When the line with "Wedding Reception Table with Flowers Photo" is found, repeat it and all lines that follow it exactly, stopping at the end of the listing.

*** RECORDS TO PROCESS Section Begins ***

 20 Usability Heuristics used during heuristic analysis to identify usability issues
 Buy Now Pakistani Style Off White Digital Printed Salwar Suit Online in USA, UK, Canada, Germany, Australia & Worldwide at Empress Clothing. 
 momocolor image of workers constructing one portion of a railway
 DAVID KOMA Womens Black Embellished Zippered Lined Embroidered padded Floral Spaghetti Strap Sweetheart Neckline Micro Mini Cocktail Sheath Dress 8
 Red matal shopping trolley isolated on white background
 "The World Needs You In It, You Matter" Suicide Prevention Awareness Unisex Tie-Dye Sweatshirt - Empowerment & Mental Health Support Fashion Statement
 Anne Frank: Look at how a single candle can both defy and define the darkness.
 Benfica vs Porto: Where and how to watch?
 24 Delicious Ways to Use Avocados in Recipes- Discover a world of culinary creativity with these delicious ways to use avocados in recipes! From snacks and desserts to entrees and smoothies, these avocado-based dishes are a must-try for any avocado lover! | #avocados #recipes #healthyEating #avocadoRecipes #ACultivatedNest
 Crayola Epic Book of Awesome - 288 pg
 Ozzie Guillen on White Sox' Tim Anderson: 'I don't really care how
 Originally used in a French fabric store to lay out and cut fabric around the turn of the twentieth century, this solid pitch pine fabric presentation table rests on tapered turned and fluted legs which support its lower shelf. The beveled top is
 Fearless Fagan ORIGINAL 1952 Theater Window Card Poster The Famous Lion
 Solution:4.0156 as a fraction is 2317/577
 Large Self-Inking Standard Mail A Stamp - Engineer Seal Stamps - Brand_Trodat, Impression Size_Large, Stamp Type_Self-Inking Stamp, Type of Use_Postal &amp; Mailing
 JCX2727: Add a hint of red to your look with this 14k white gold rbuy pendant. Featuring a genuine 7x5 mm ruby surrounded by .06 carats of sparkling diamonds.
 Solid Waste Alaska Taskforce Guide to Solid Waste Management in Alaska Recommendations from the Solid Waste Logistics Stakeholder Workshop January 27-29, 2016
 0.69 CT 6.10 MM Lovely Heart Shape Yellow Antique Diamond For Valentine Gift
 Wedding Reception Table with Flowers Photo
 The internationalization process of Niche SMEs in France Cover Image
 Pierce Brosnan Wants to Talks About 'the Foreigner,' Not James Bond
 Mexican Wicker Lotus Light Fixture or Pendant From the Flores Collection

*** RECORDS TO PROCESS Section Ends ***

* _WORKED SOLUTION_:
 Wedding Reception Table with Flowers Photo
 The internationalization process of Niche SMEs in France Cover Image
 Pierce Brosnan Wants to Talks About 'the Foreigner,' Not James Bond
 Mexican Wicker Lotus Light Fixture or Pendant From the Flores Collection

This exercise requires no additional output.